Code execution — let the agent compute

Why: some answers need real computation (math, data crunching, file parsing) that a language model should not do in its head. When: give it a sandboxed code tool and it writes and runs code to get an exact result. Where: this runs in the provider's sandbox — no execution environment for you to manage.
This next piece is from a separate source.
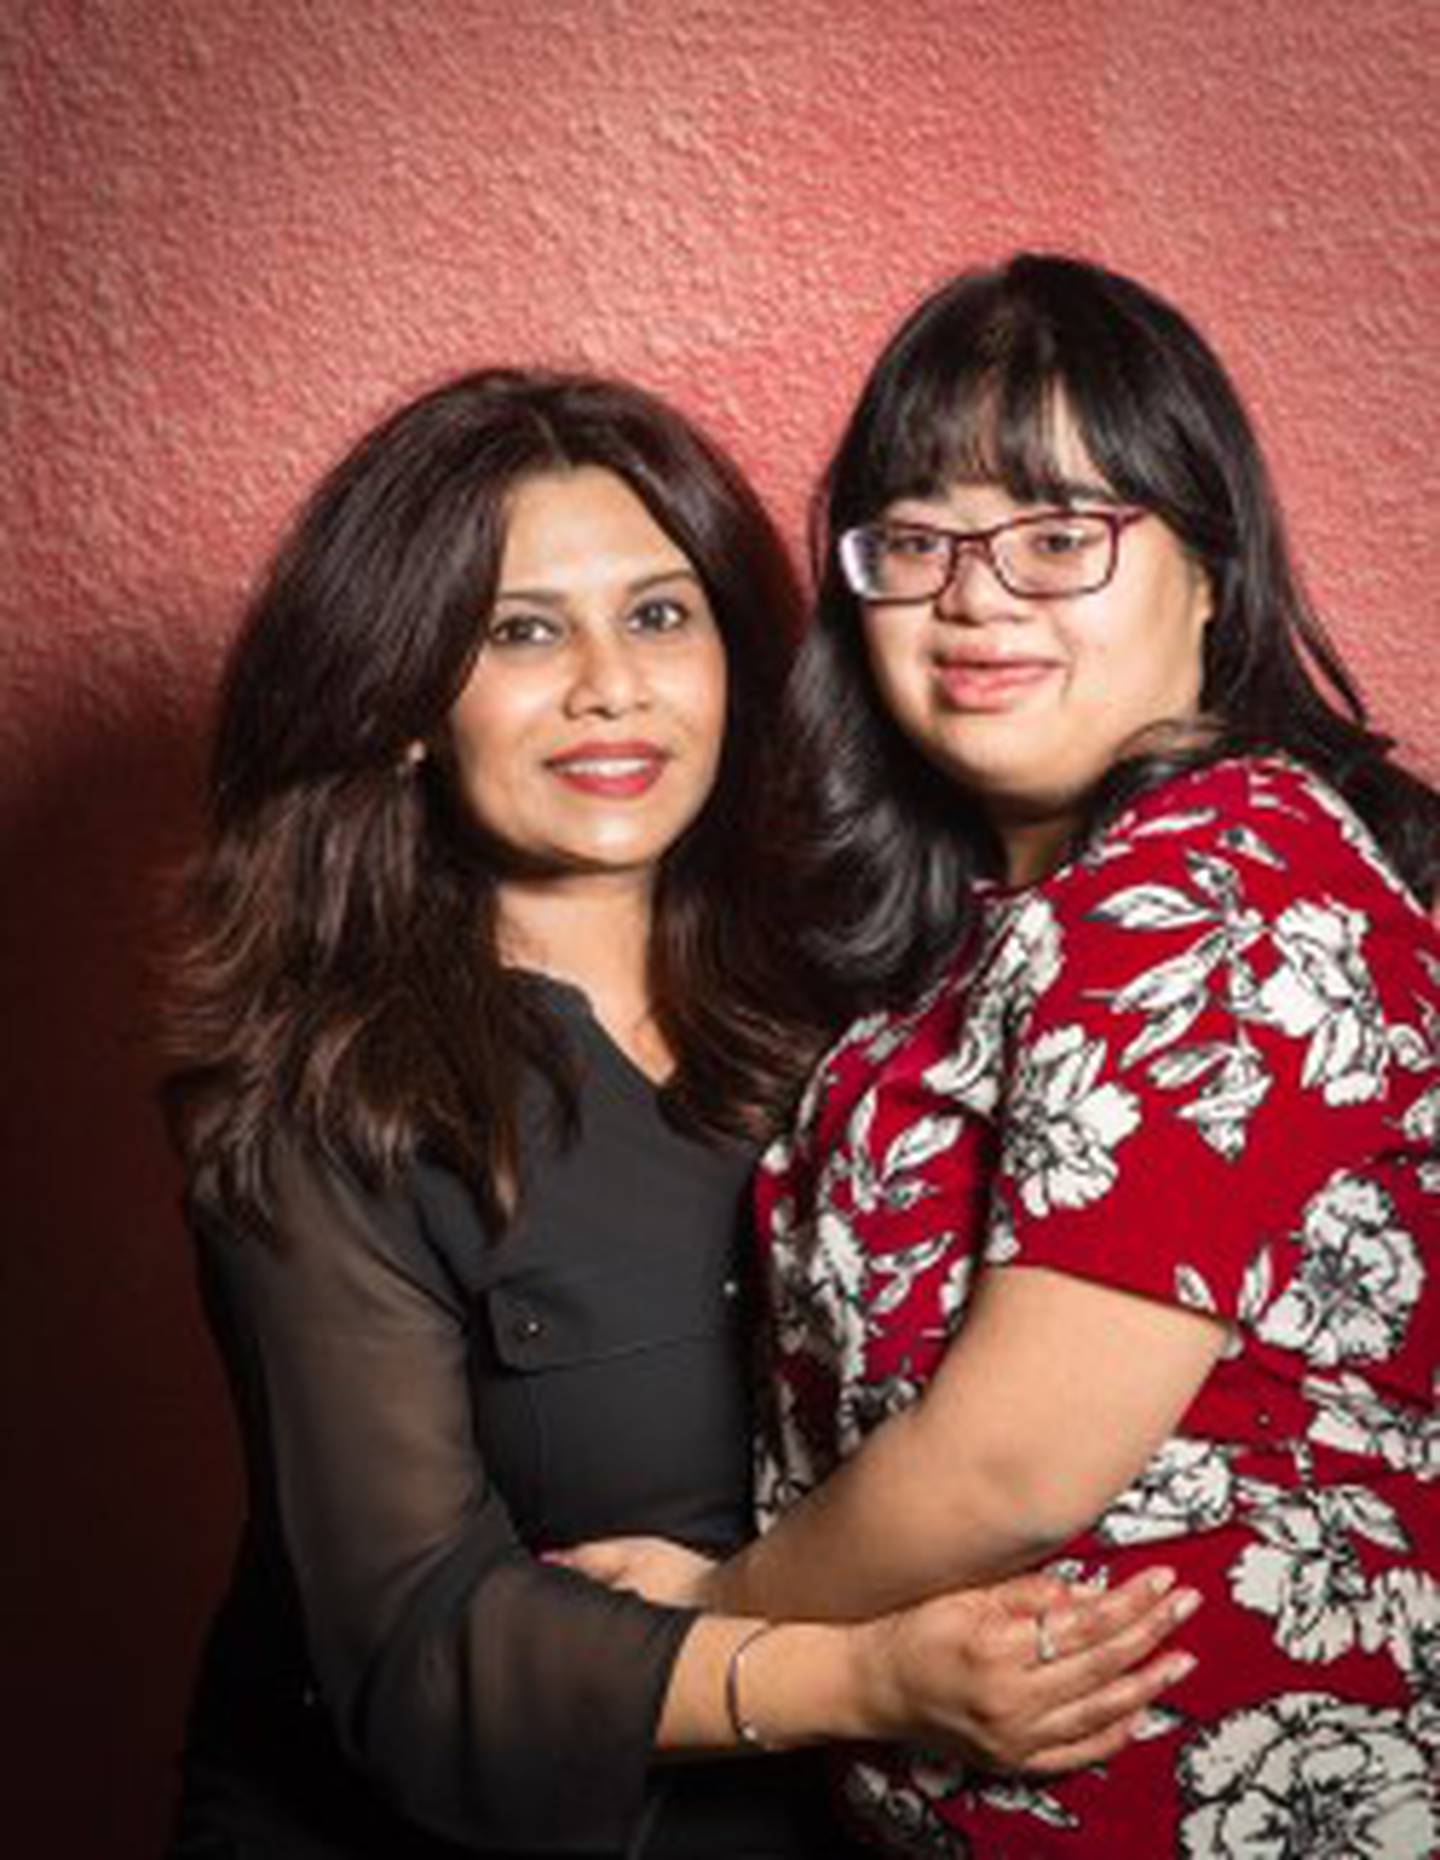 Rosy Ahmed, founder of Fame, with her daughter Hana. Photo: Fame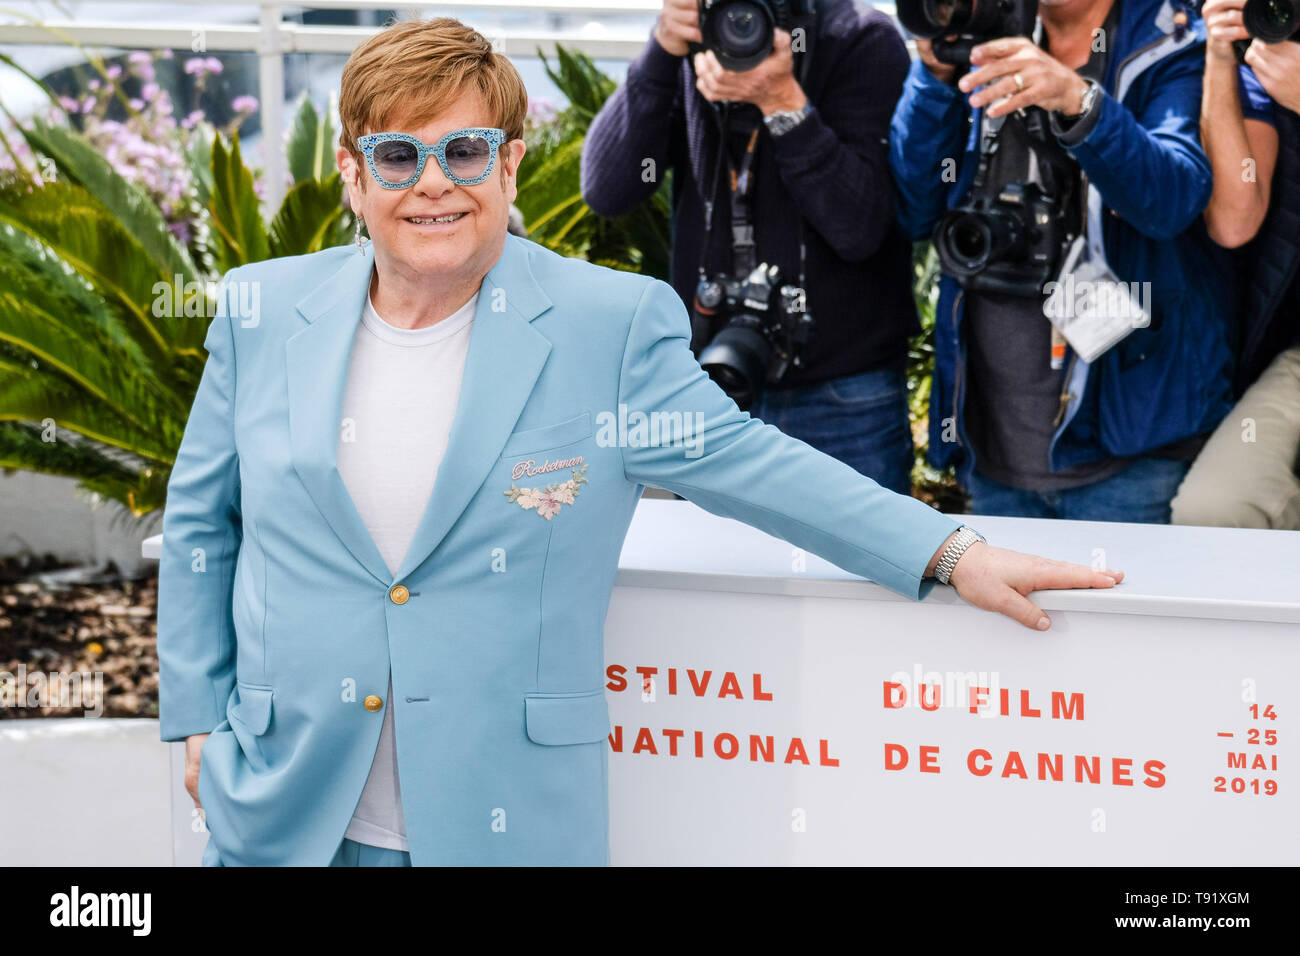 Cannes, France. 16th May, 2019. Elton John poses at a photocall for Rocketman on Thursday 16 May 2019 at the 72nd Festival de Cannes, Palais des Festivals, Cannes. Pictured: Elton John. Picture by Credit: Julie Edwards/Alamy Live News Stock Photo

response = client.messages.create(
    model="claude-opus-4-8",
    max_tokens=2048,
    tools=[{"type": "code_execution_20260120", "name": "code_execution"}],
    messages=[{"role": "user",
               "content": "What's the standard deviation of [4, 8, 15, 16, 23, 42]?"}],
)
print(text_of(response))   # the model ran Python and reported the number

Custom tools — call your own APIs

Why: most useful tools are your own — an internal API, a database, a CRM. When: wrap the call in a function and describe it as a tool, exactly like the weather example. Where: validate the arguments and handle failures, because the inputs come from the model.

def create_ticket(subject, priority="normal"):
    if priority not in {"low", "normal", "high"}:
        return "Error: priority must be low, normal, or high."
    resp = requests.post("https://api.example.com/tickets",
                         json={"subject": subject, "priority": priority},
                         timeout=10)
    if resp.status_code != 201:
        return f"Error creating ticket: {resp.status_code}"
    return f"Created ticket #{resp.json()['id']}."

Sandbox and permission dangerous tools

Why: a tool that sends email, spends money, or deletes data is easy to gate and hard to undo — so promote those to dedicated tools and require approval. When: gate any hard-to-reverse action behind a human confirmation; keep read-only tools automatic. Where: run code and shell tools in an isolated sandbox, never against your real machine.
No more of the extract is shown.